Amaç: Hastalarımızın En Kısa Yoldan Kaliteli İncelemeler ile En Doğru Tanıyı Alabilmesi
Sağlıkta dönüşüm çerçevesinde değerinin altında sağlanan inceleme yöntemleriyle insan sağlığının tehdit altında olduğuna dikkat çeken Elmas, sonuç olarak radyolojik incelemeye ulaşımın hasta açısından son derece kolaylaşırken, düşük fiyat politikasıyla kaliteden ödün verilmiş incelemeler nedeniyle hastanın sağlığına kavuşamadığını söyledi. Elmas, şunları söyledi: “Amaçlarımızdan birinin toplum sağlığını korumak, radyolojik kaliteyi topluma kazandırmak, mükerrer incelemelerin önüne geçmek olduğundan Türk Radyoloji Derneği tarafından hazırlanmış bilgisayarlı tomografi, manyetik rezonans ve mammografi inceleme standartları Sağlık Bakanlığı ile işbirliği çerçevesinde bakanlık ve dernek üyelerinden oluşturulmuş Standartlar Komisyonunca denetleme sürecine alınmıştır. Amaç ülke genelinde radyolojik kalitenin sağlanması ve hastalarımızın en kısa yoldan kaliteli incelemeler ile en doğru tanıyı alabilmesidir.”

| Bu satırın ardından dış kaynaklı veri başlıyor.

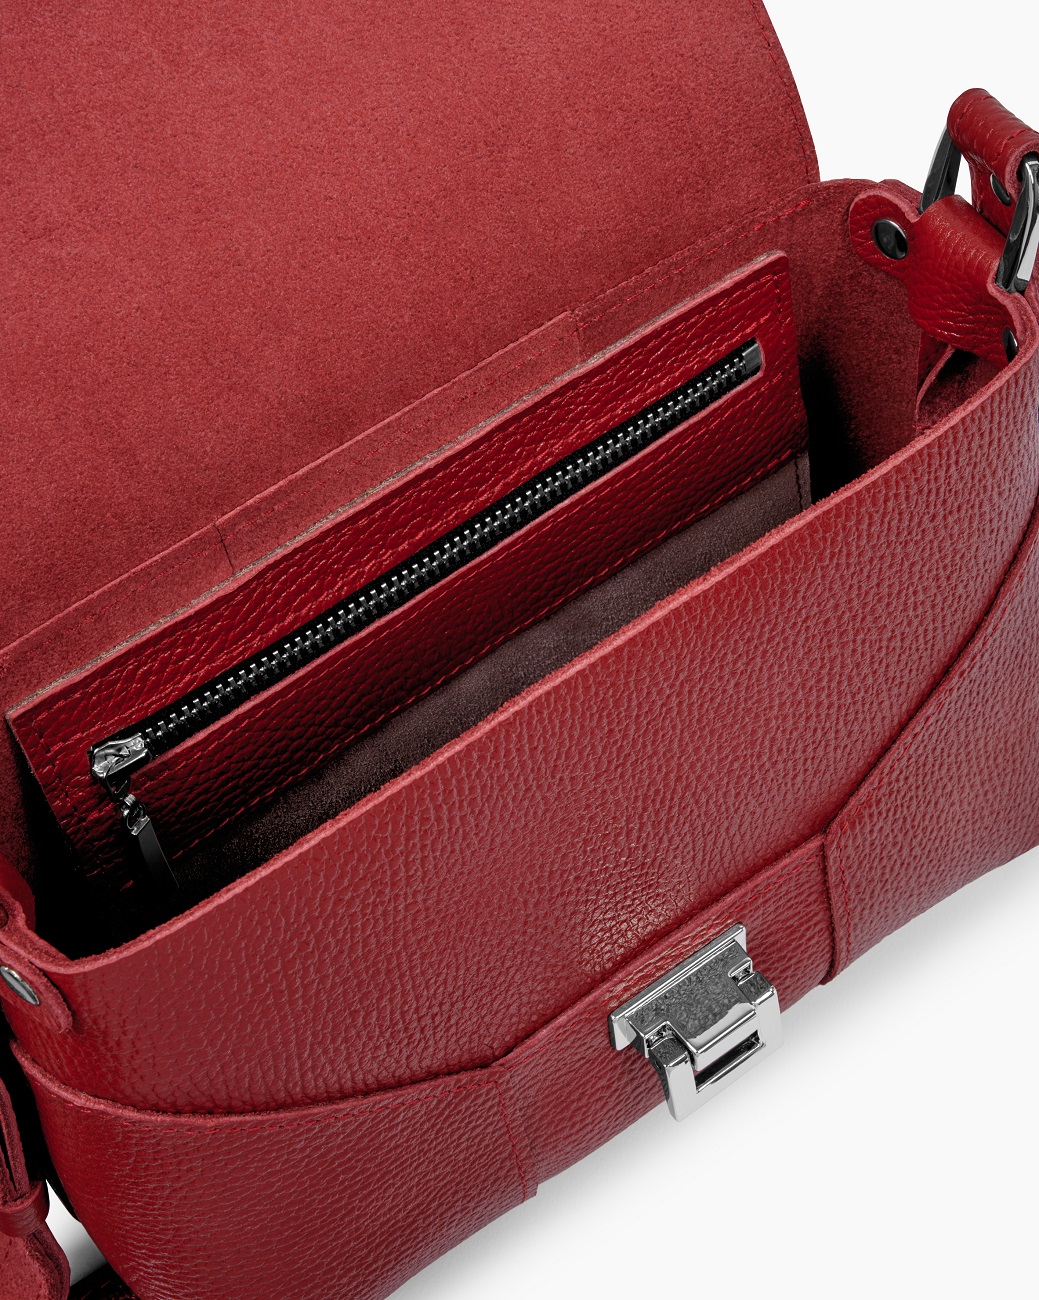 Женская сумка через плечо из натуральной кожи красная A011 ruby grain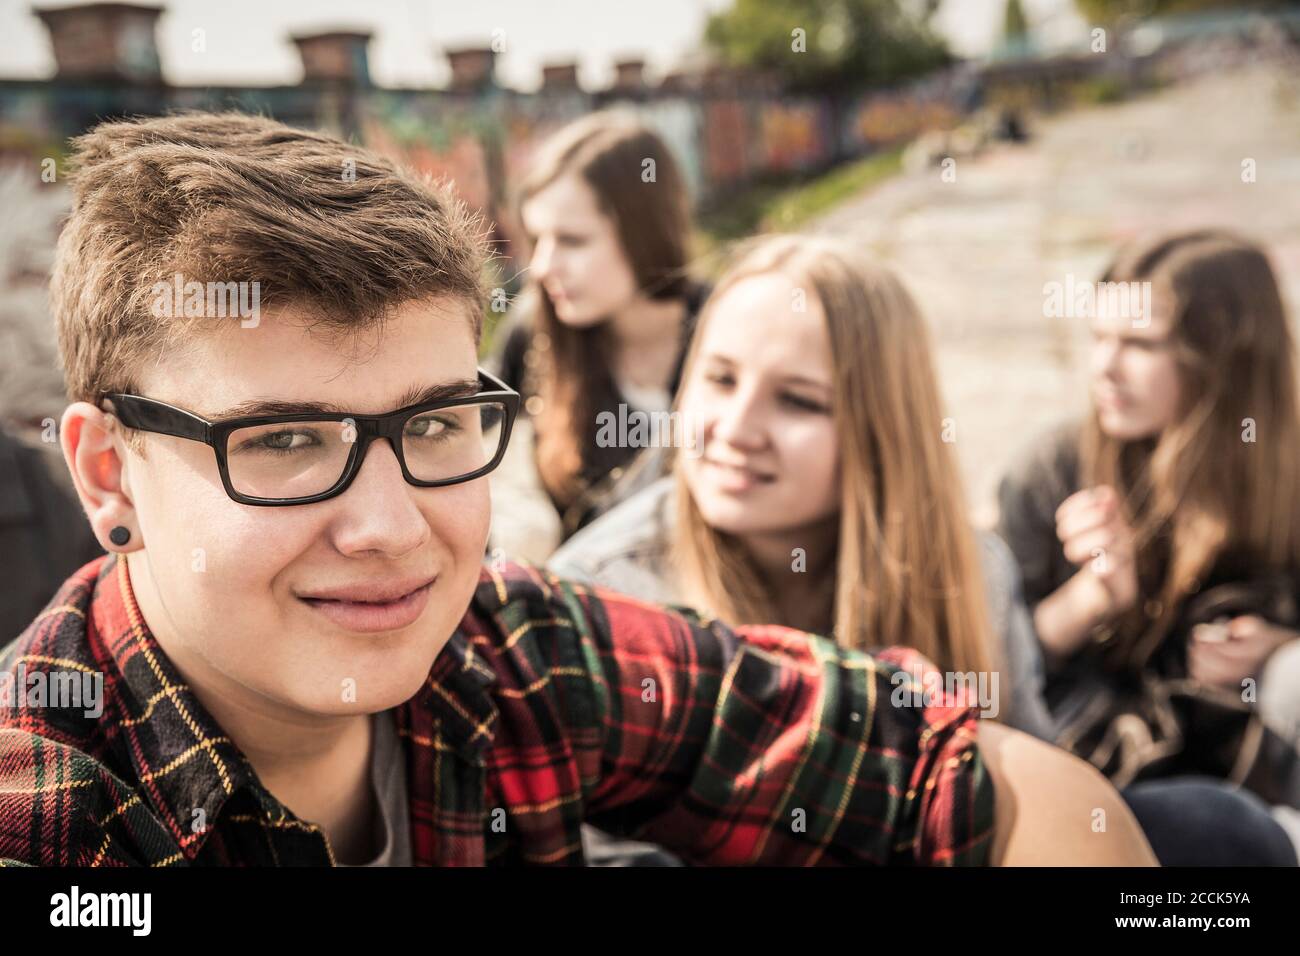 Ritratto di un adolescente sorridente che si agganava con gli amici in un vecchia zona industriale Foto Stock

Kadro Azalıyor Talep Artıyor
Ülke genelinde radyolojik kalitenin sağlanmasını amaçladıklarını kaydeden Prof. Dr. Elmas, hedeflere ulaşma noktasında 2002 ile 2010 yılları arasındaki radyolog kontenjanlarında yüzde 50’lere ulaşan azaltmanın temel problem olarak ortada durduğunu söyledi. Kadro sayısı düşürülürken, aynı yıllara ait istatistiklerin, BT ve MR taleplerinde yüzde 300- 700 oranında artış gösterdiğini belirten Elmas, derneğin temel amaçlarının tıp öğrencileri, radyoloji asistanları ve radyoloji uzmanlarını kapsayan meslek içi ve meslek sonrası radyoloji eğitimine katkıda bulunmak olduğunu belirtti.